- DATASET EXCERPT -
Start of Block

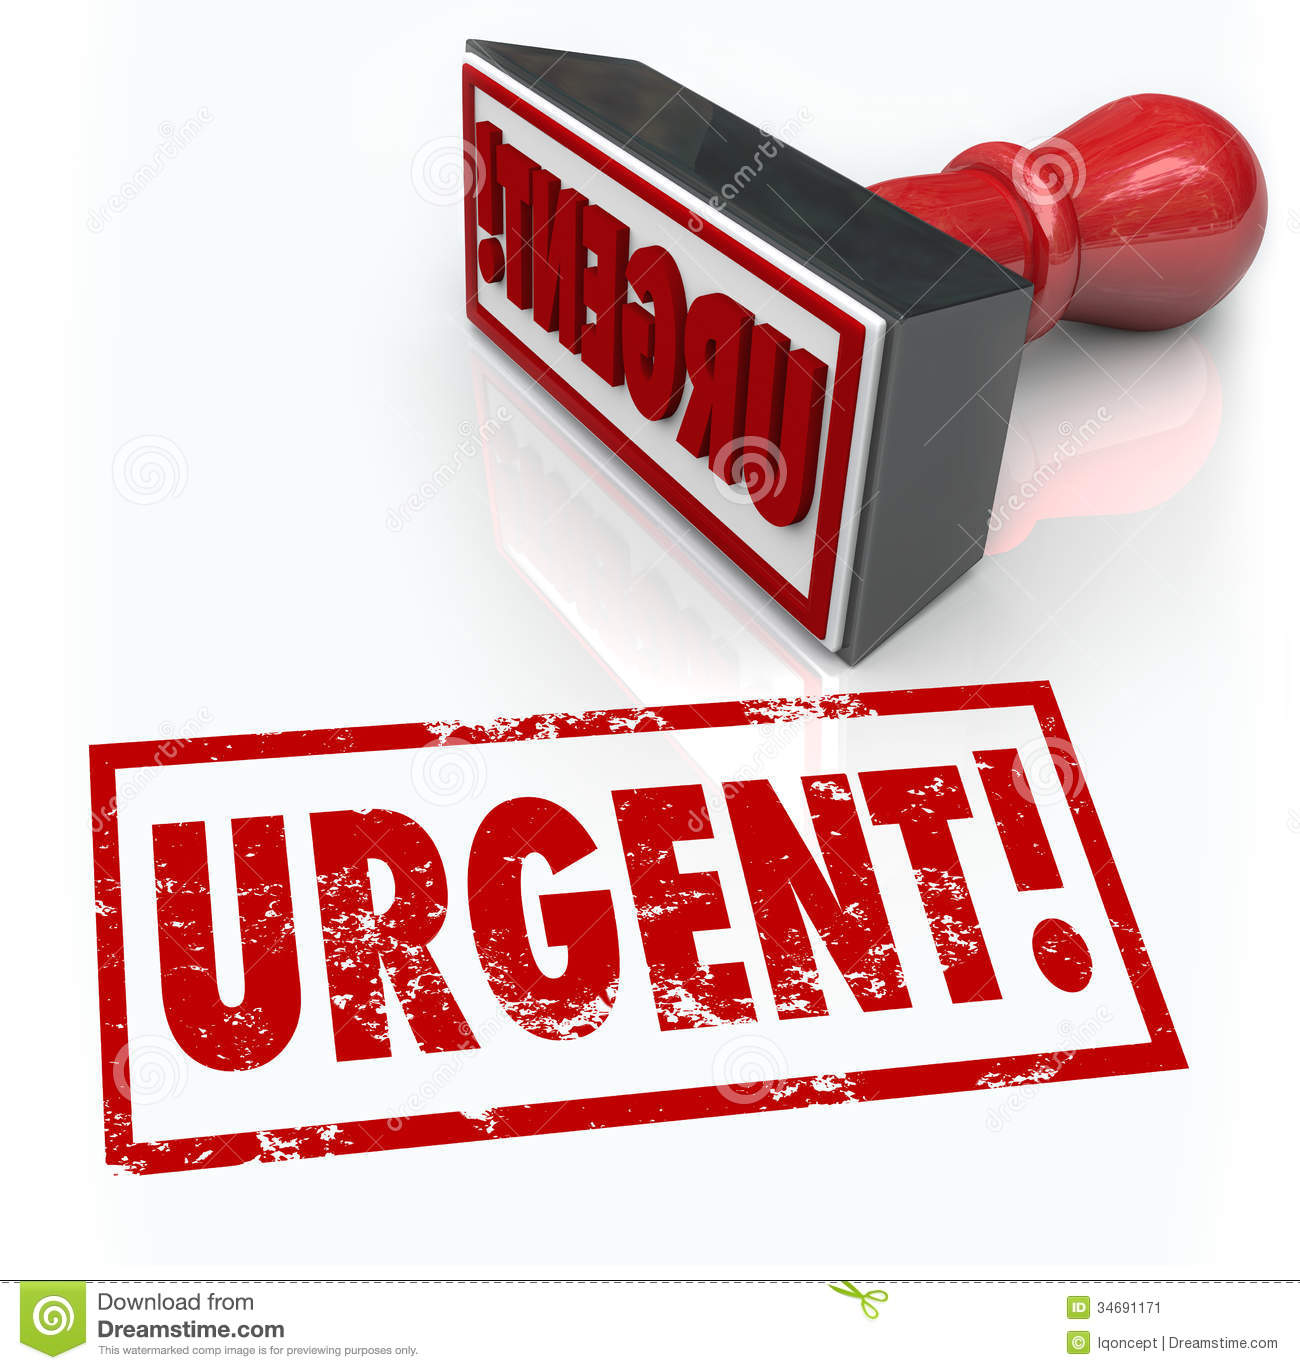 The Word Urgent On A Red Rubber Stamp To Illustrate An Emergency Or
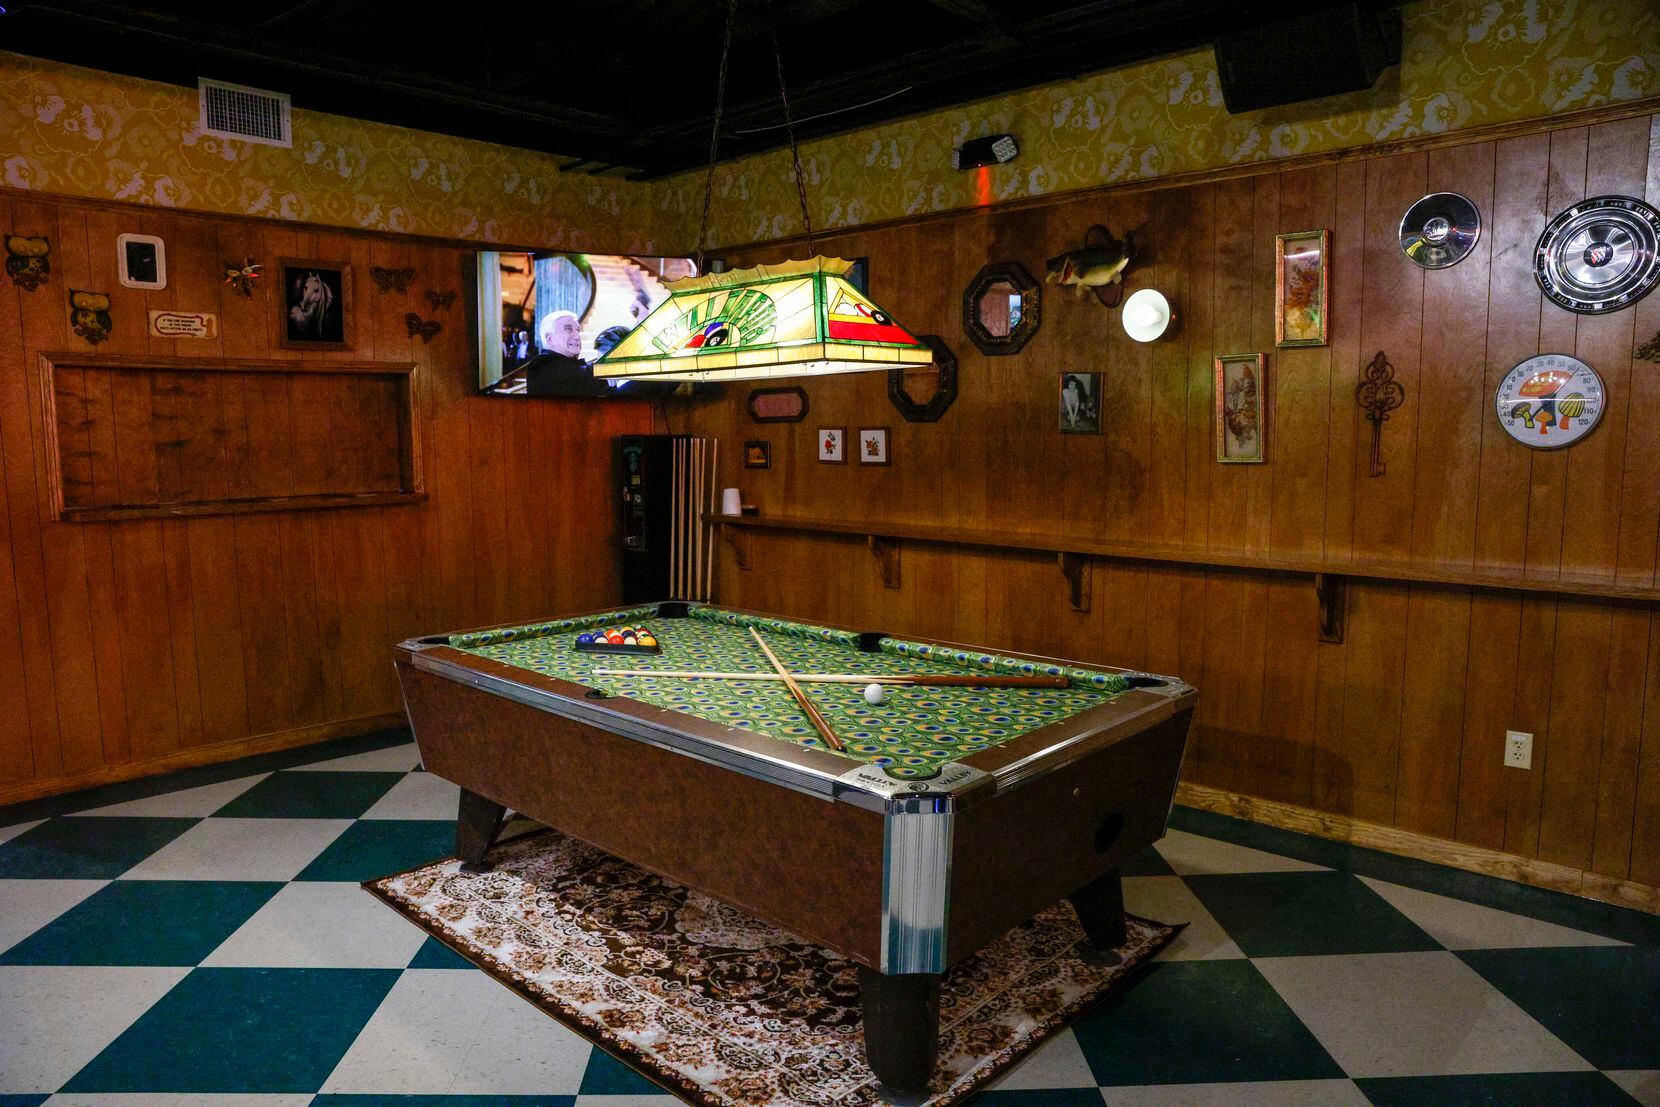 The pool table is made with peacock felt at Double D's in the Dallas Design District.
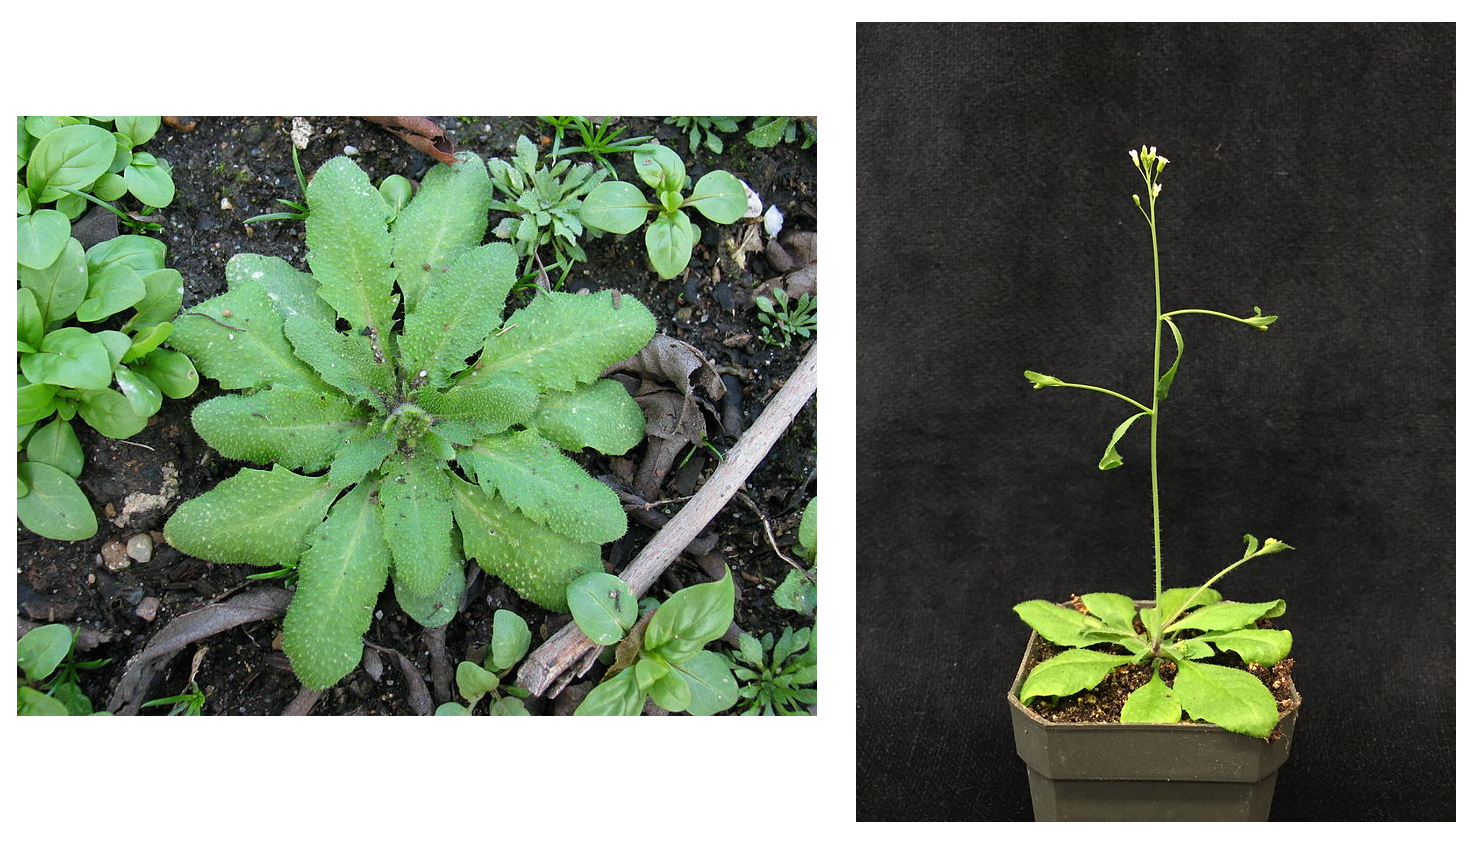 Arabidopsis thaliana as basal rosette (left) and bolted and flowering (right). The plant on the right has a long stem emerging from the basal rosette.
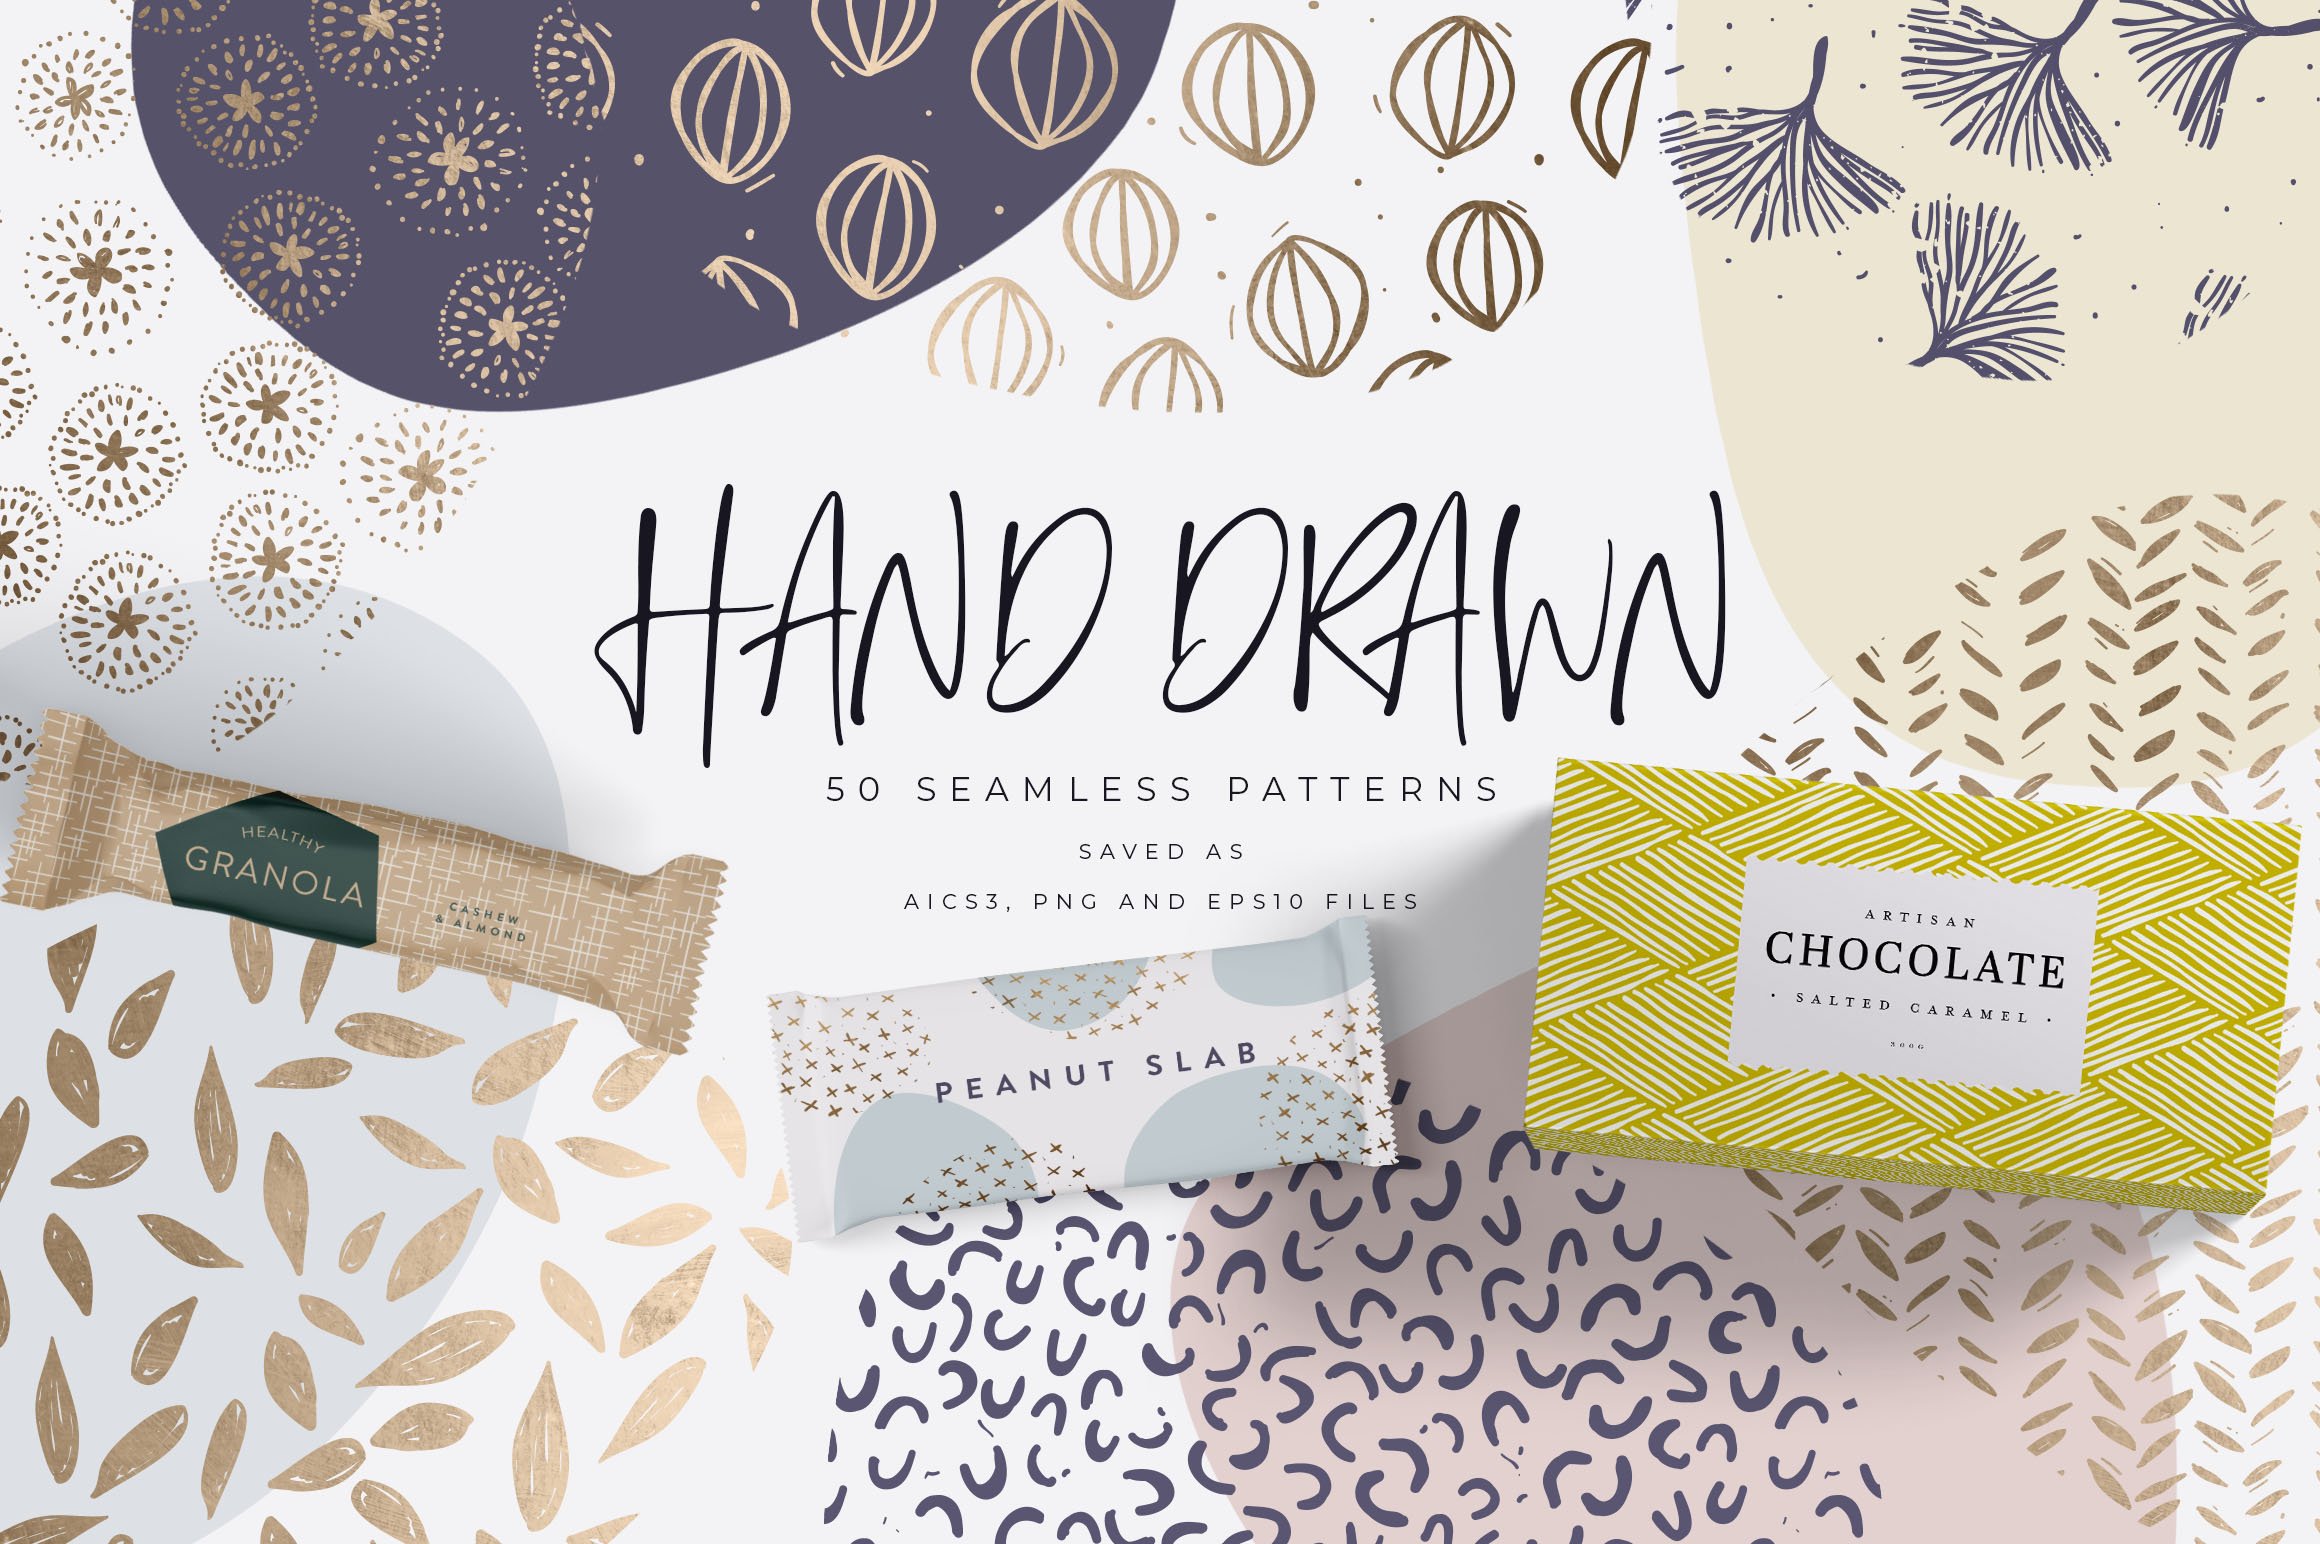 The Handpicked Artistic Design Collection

End of Block

- EXERCISE -
The required output is the lines from the one containing "Arabidopsis thaliana as" through the end of the data, printed exactly, with no pictures.

- OUTPUT FOR THIS EXERCISE -
 Arabidopsis thaliana as basal rosette (left) and bolted and flowering (right). The plant on the right has a long stem emerging from the basal rosette.
 The Handpicked Artistic Design Collection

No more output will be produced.